From the above, we already get a lot of useful information. For example, we see that the product is available between 2009 and the current year and is provided in a projected coordinate reference system. We also can see that the unit of the pixel values is in millimeters bit that the pixel value shall be multiplied with a scale factor of 0.1. This is essential information, and it should be checked for all WaPOR products since most of them were rescaled to reduce file size.

Maybe the most important aspect of the above output for the next step, is the dimensions dataframe. Here we can see that the selected product only shows one dimension called “YEAR” which type is time. Other products might have further dimensions, such as “SEASON” which needs different specification in the download call.

wapor_queryRaster(collection = "WAPOR_2",
                  product = "L3_ODN_AETI_A",
                  begin = "2018-01-01", # begin date is inclusive
                  end = "2019-01-01", # end date is exclusive
                  outdir = ".",
                  APIkey = Sys.getenv("WAPOR-KEY")) 

Let’s take a glimpse at the data we just downloaded.
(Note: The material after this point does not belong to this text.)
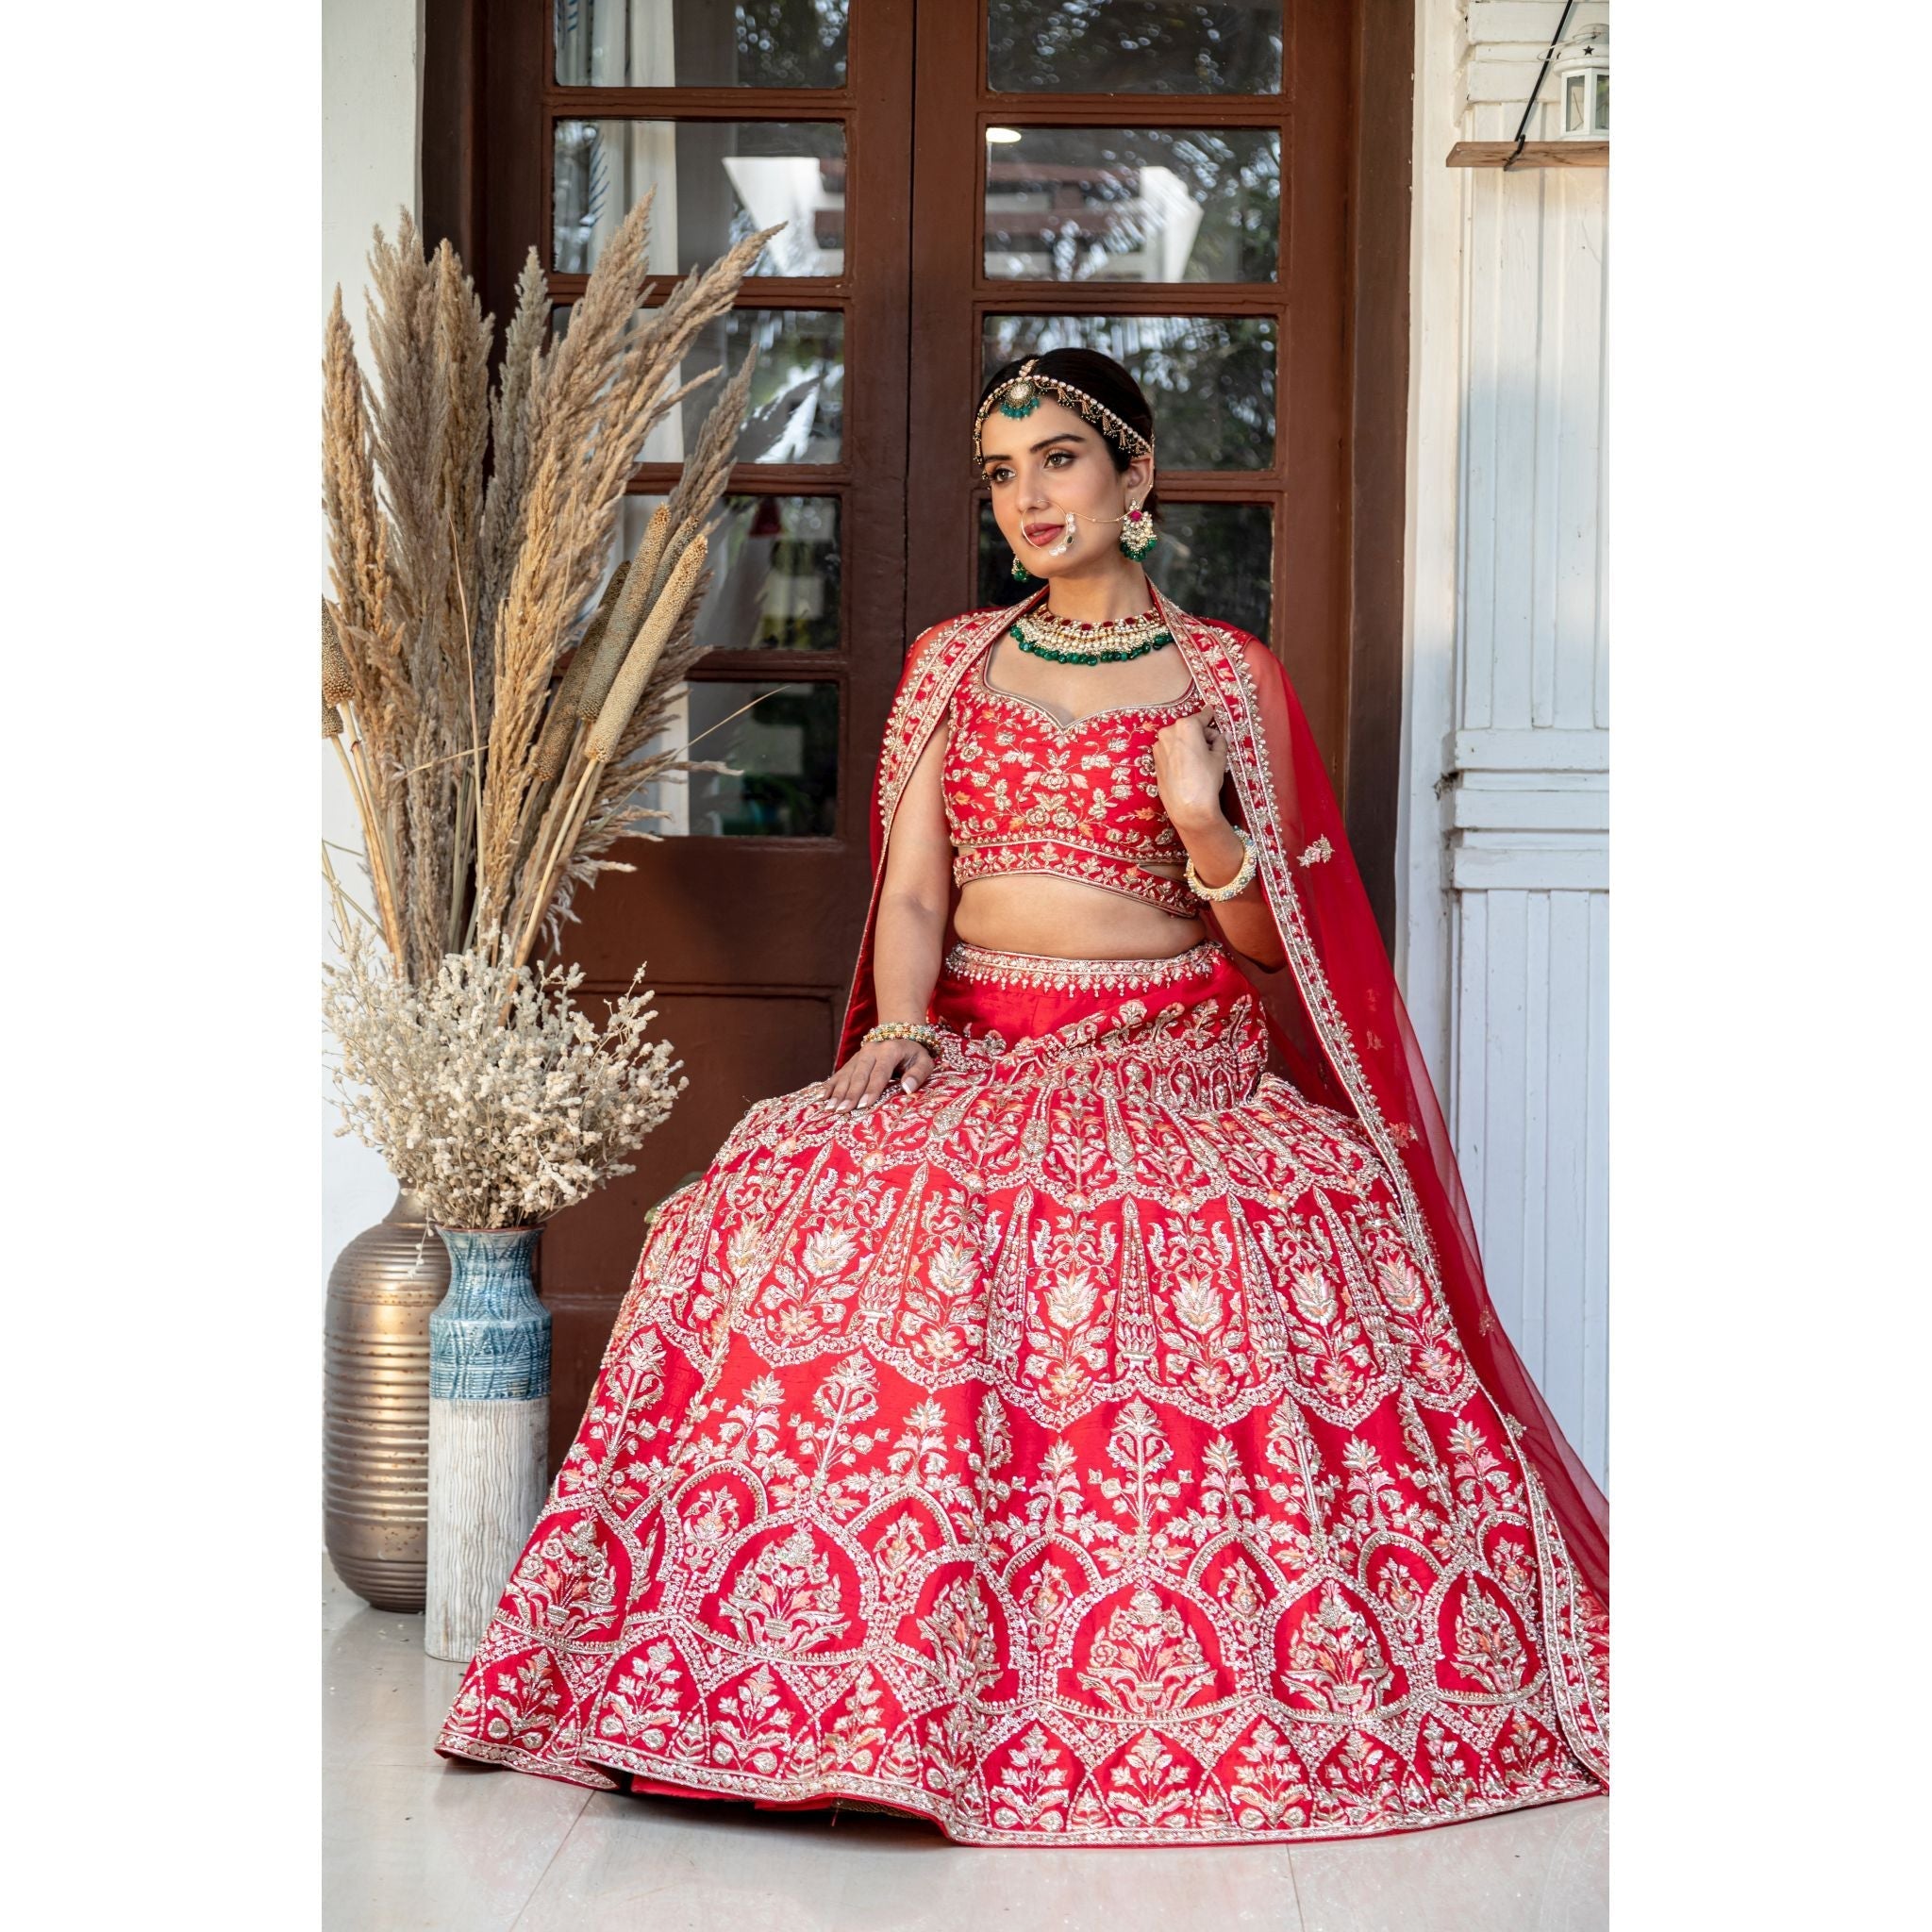 Venetian Red Floral Arch Lehenga Set - Indian Designer Bridal Wedding Outfit

Loading required package: sp
file = list.files(".", "L3_ODN", full.names = T)
r = raster(file) * 0.1

We very quickly downloaded some important data for an assessment of agricultural practices in ODN. This package’s download functionality can be used to download specific regions from Level 2 or 3 datasets by providing an sf object of an area of interest. Additionally, complete-time series can be downloaded by adapting the start and end date. Check out the README of the package for another example to download some data and leave an issue if you face any problems using this package.